Using Bayesian Optimization for Reinforcement Learning

In this post, we will show you how Bayesian optimization was able to dramatically improve the performance of a reinforcement learning algorithm in an AI challenge. We’ll provide background information, detailed examples, code, and references.


Reinforcement learning is a field of machine learning in which a software agent is taught to maximize its acquisition of rewards in a given environment. Observations of the state of the environment are used by the agent to make decisions about which action it should perform in order to maximize its reward.

Reinforcement learning has recently garnered significant news coverage as a result of innovations in deep Q-networks (DQNs) by DeepMind Technologies. Through deep reinforcement learning, DeepMind was able to teach computers to play Atari games better than humans, as well as defeat one of the top Go players in the world.

As noted in DeepMind’s paper, an “informal search” for hyperparameter values was conducted in order to avoid the high computational cost of performing grid search. Because the complexity of grid search grows exponentially with the number of parameters being tuned, experts often spend considerable time and resources performing these “informal searches.” This may lead to suboptimal performance, or can lead to the systems not being tuned at all. Bayesian optimization represents a way to efficiently optimize these high dimensional, time consuming, and expensive problems.
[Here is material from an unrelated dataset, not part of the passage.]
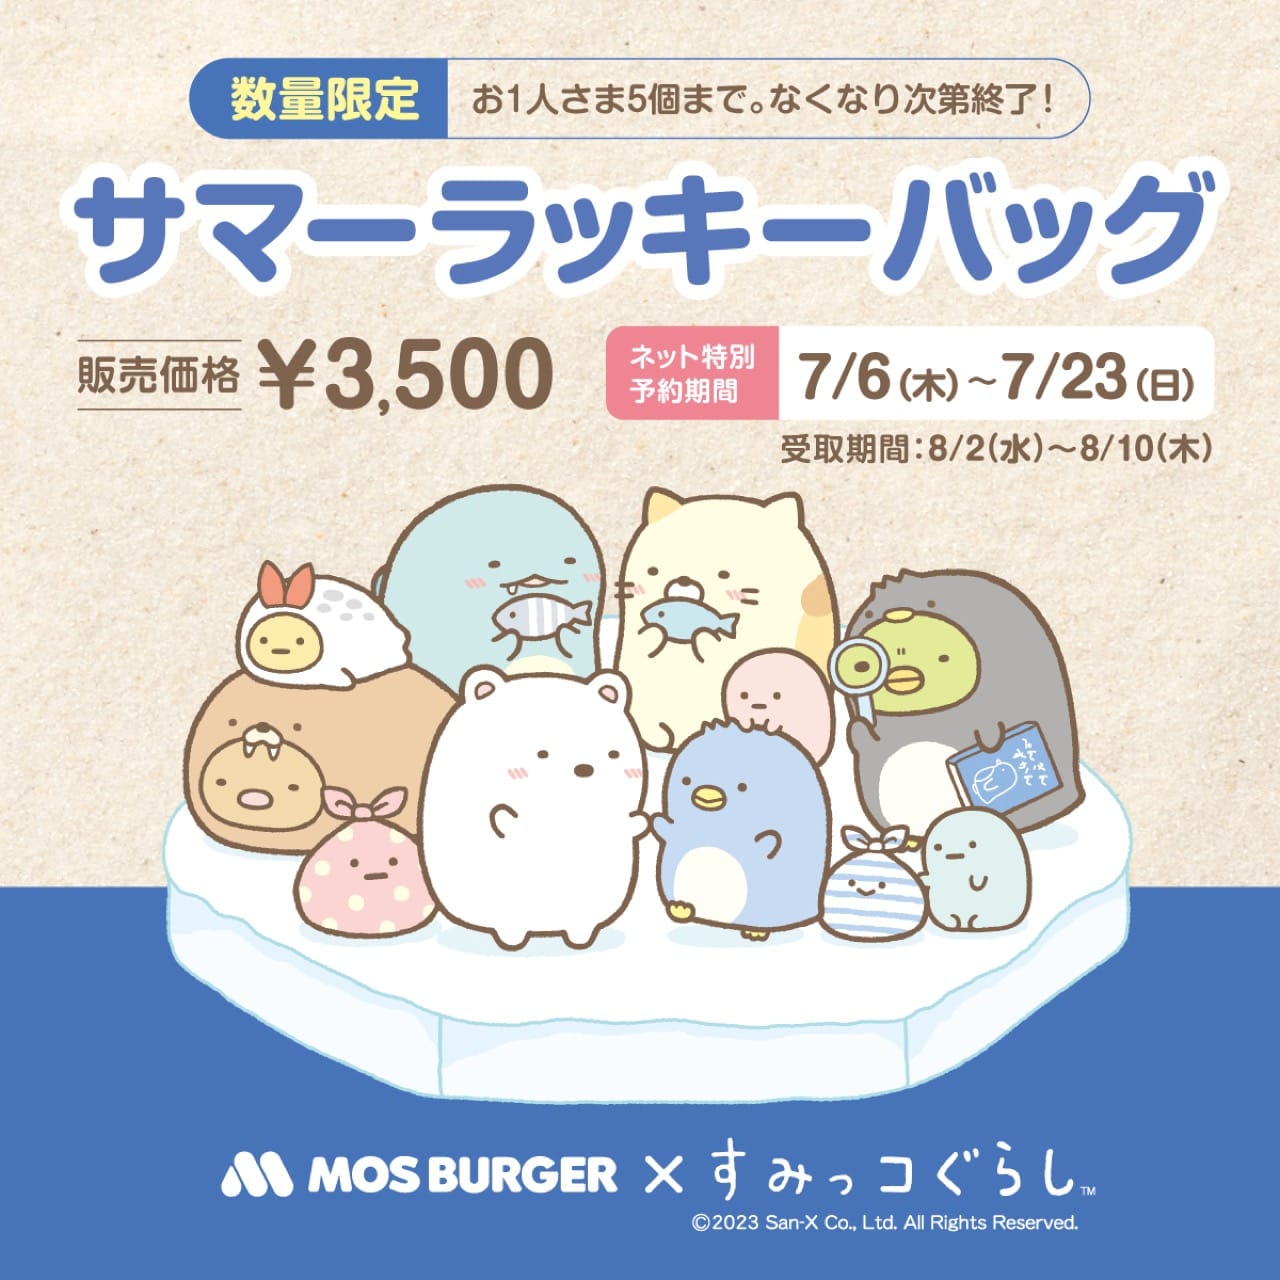 すみっコぐらし × モスバーガー サマー福袋 7月6日よりWeb予約開始!

We will demonstrate the power of hyperparameter optimization by using SigOpt’s ensemble of state-of-the-art Bayesian optimization techniques to tune a DQN. We’ll show how this approach finds better hyperparameter values much faster than traditional methods such as grid and random search, without requiring expert time spent doing “informal” hand tuning of parameters. The DQN under consideration will be used to solve a classic learning control problem called the Cart-Pole problem (1). In this problem, a pole must be balanced upright on a cart for as long as possible. To simulate this environment, we will use OpenAI’s Gym library.
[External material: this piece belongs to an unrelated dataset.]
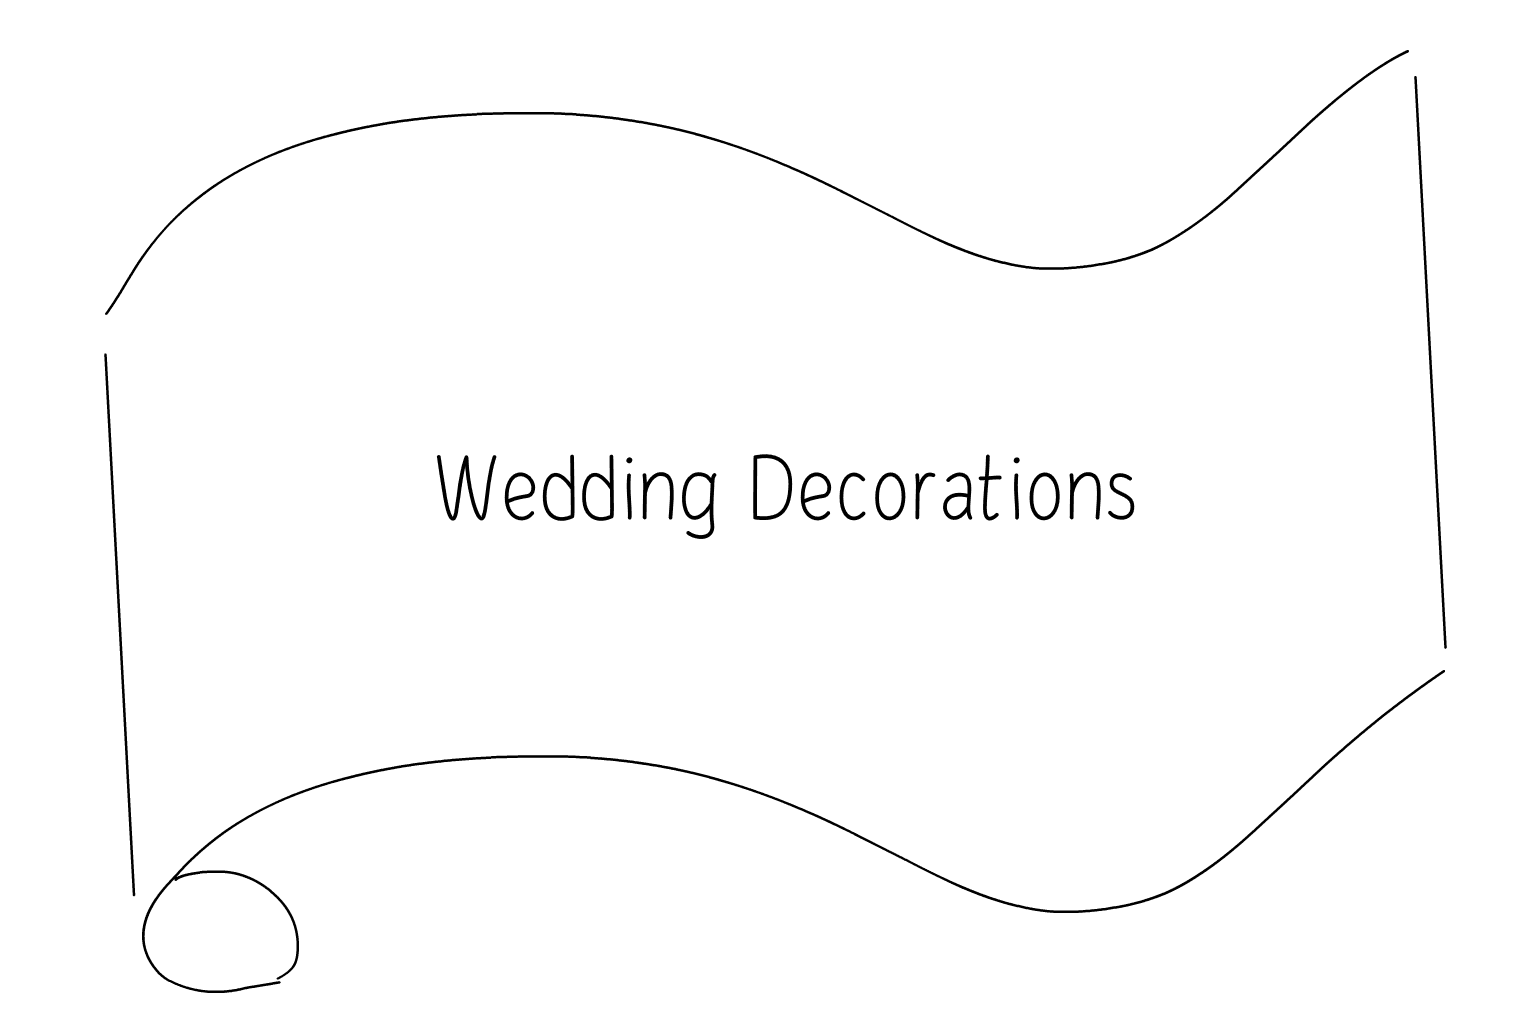 Ilustración de decoraciones de boda

Figure 1: A rendered episode from the OpenAI Gym’s Cart-Pole environment

The OpenAI Gym provides a common interface to various reinforcement learning environments; the code written for this post (available on Github) can be easily modified to solve other learning control problems from the Gym’s environments.

The Environment

In OpenAI’s simulation of the cart-pole problem, the software agent controls the movement of the cart, earning a reward of +1 for each timestep until the terminating step. A terminating step occurs when the pole is more than 15 degrees from vertical or if the cart has moved more than 2.4 units from the center. The agent receives 4 continuous values that make up the state of the environment at each timestep: the position of the cart on the track, the angle of the pole, the cart velocity, and the rate of change of the angle. The agent’s only possible actions at each timestep are to push the cart to the left or right by applying a force of either -1 or +1, respectively. A series of states and actions, ending in a terminating state, is known as an episode. The agent will have no prior concept about the meaning of the values that represent these states and actions.


Q-learning is a reinforcement learning technique that develops an action-value function (also known as the Q-function) that returns an expected utility of an action given a current state. Thus, the policy of the agent is to take the action with the highest expected utility.

Assume there exists an all-knowing Q-function that always selects the best action for a given state. Through Q-learning, we construct an approximation of this all-knowing function by continually updating the approximation using the results of previously attempted actions. The Q-learning algorithm updates the Q-function iteratively, as is explained below; initial Q-values are arbitrarily selected. An existing expected utility is updated when given new information using the following algorithm(2)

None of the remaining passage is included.